**TASK BRIEF**
Please repeat each line below exactly, with no images in the copy.
----- DATA SHOWN
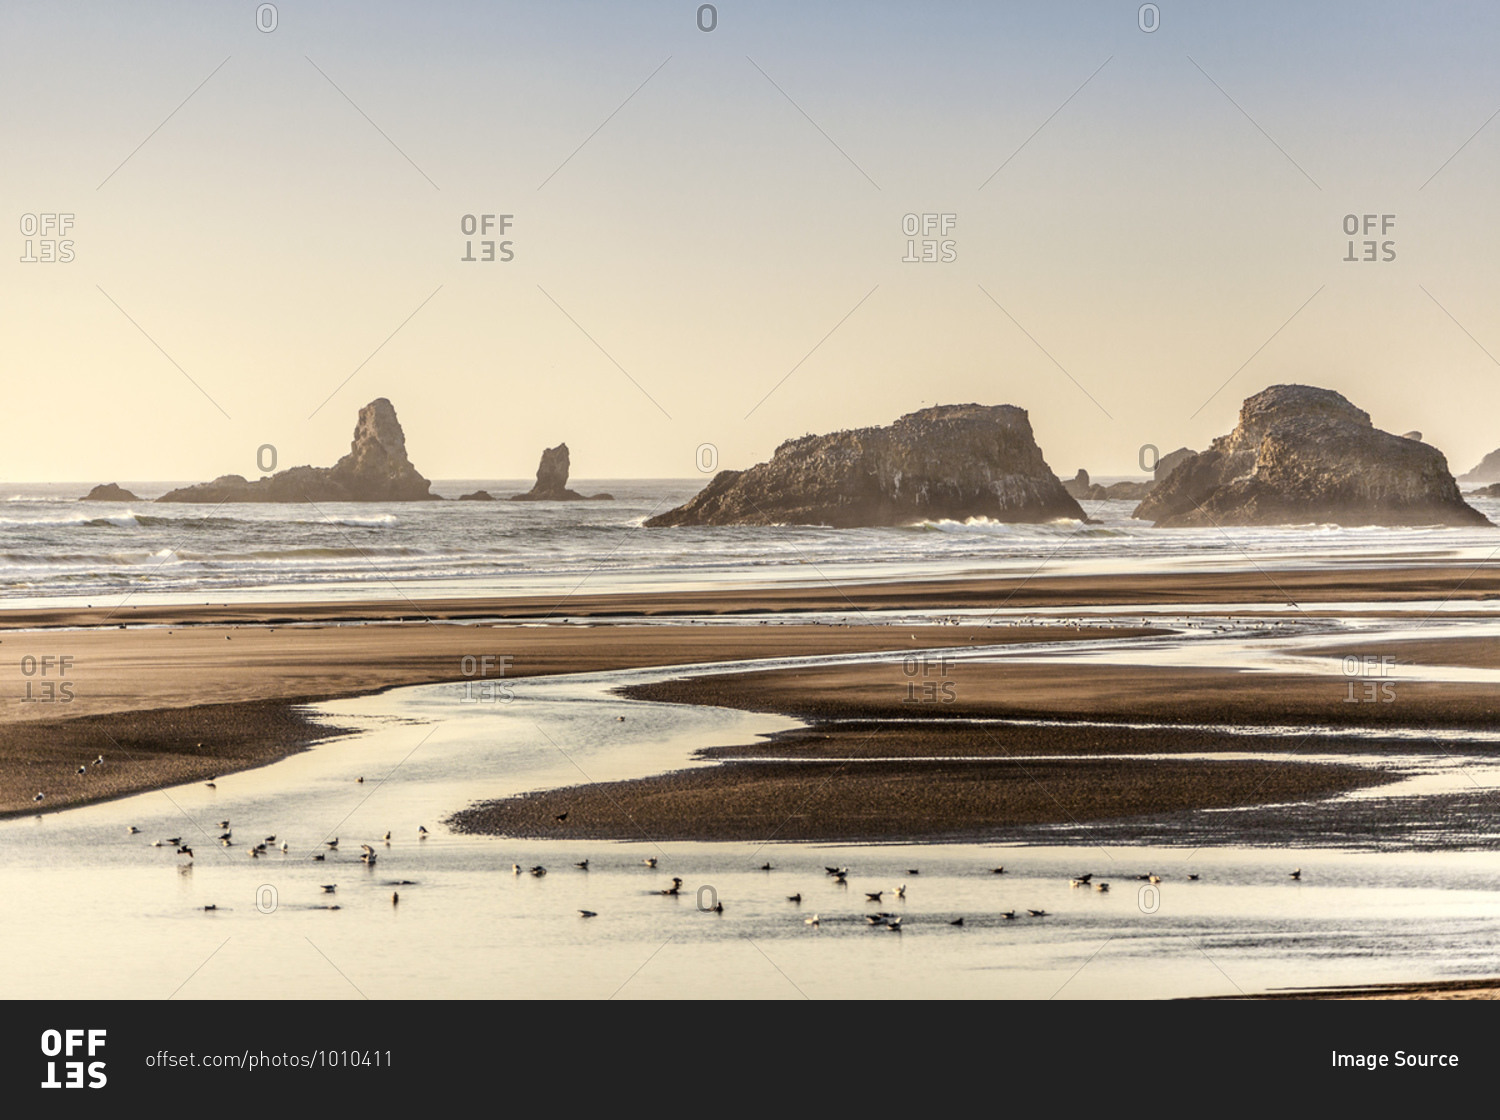 Seabirds wading and feeding on beach, Cannon Beach, Oregon, USA
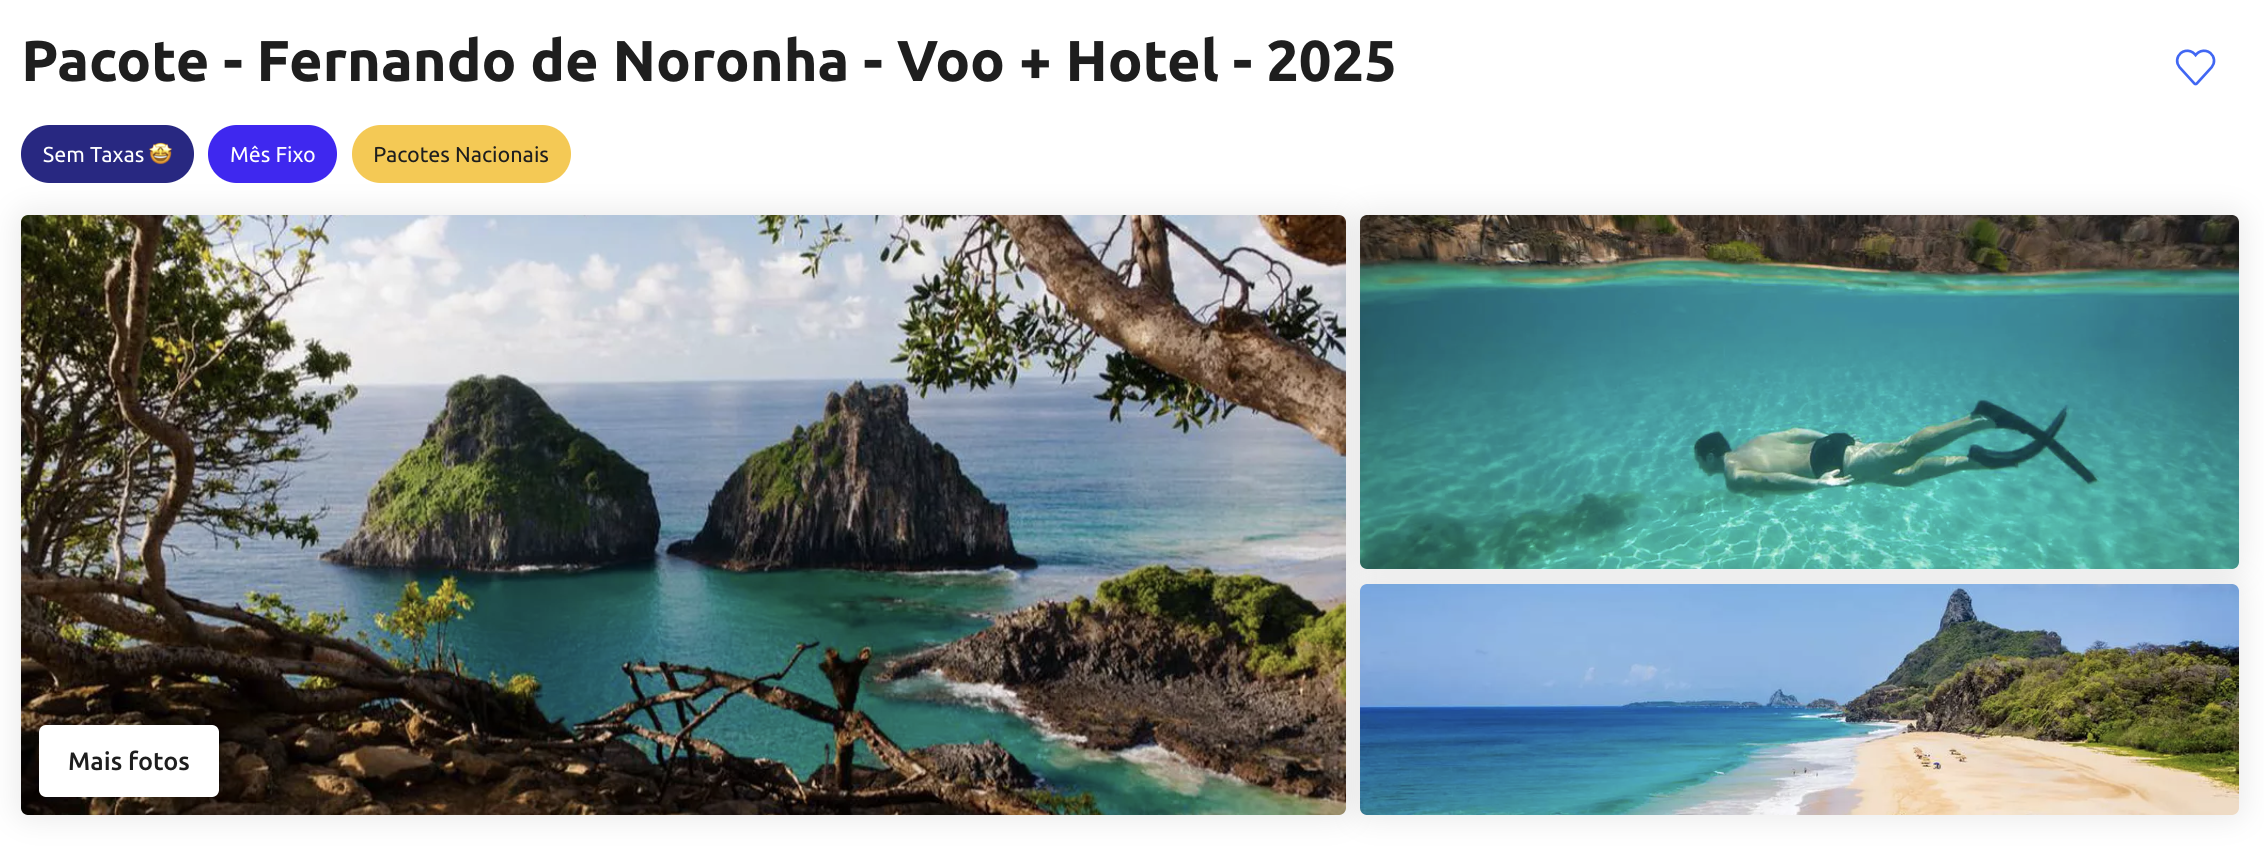 Pacote - Fernando de Noronha - Voo + Hotel - 2025
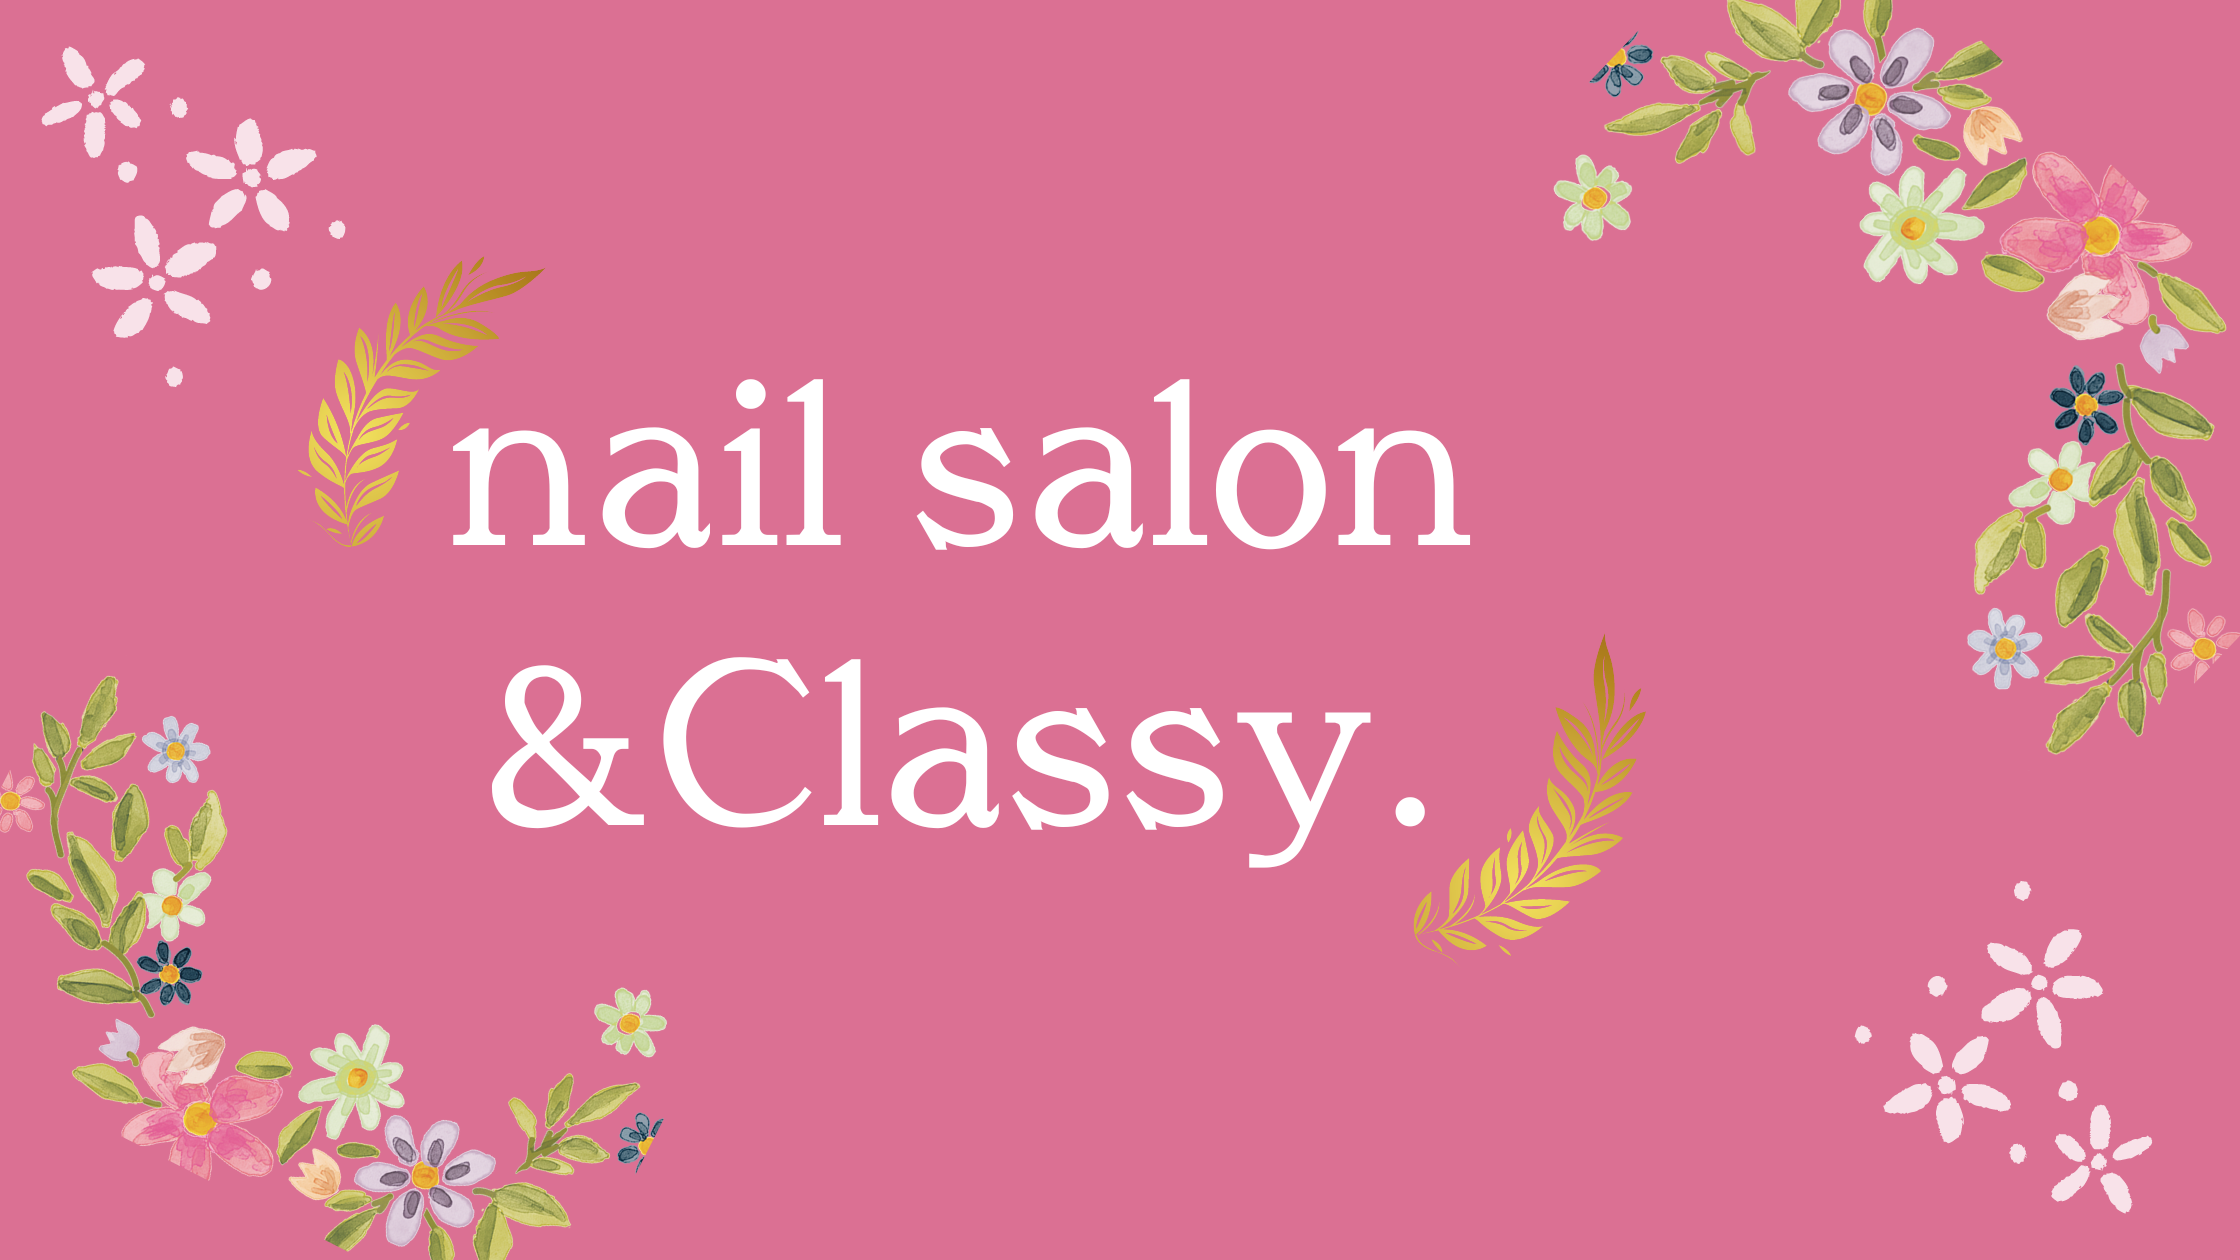 nail salon &Classy
----------
**FINISHED EXERCISE**
 Seabirds wading and feeding on beach, Cannon Beach, Oregon, USA
 Pacote - Fernando de Noronha - Voo + Hotel - 2025
 nail salon &Classy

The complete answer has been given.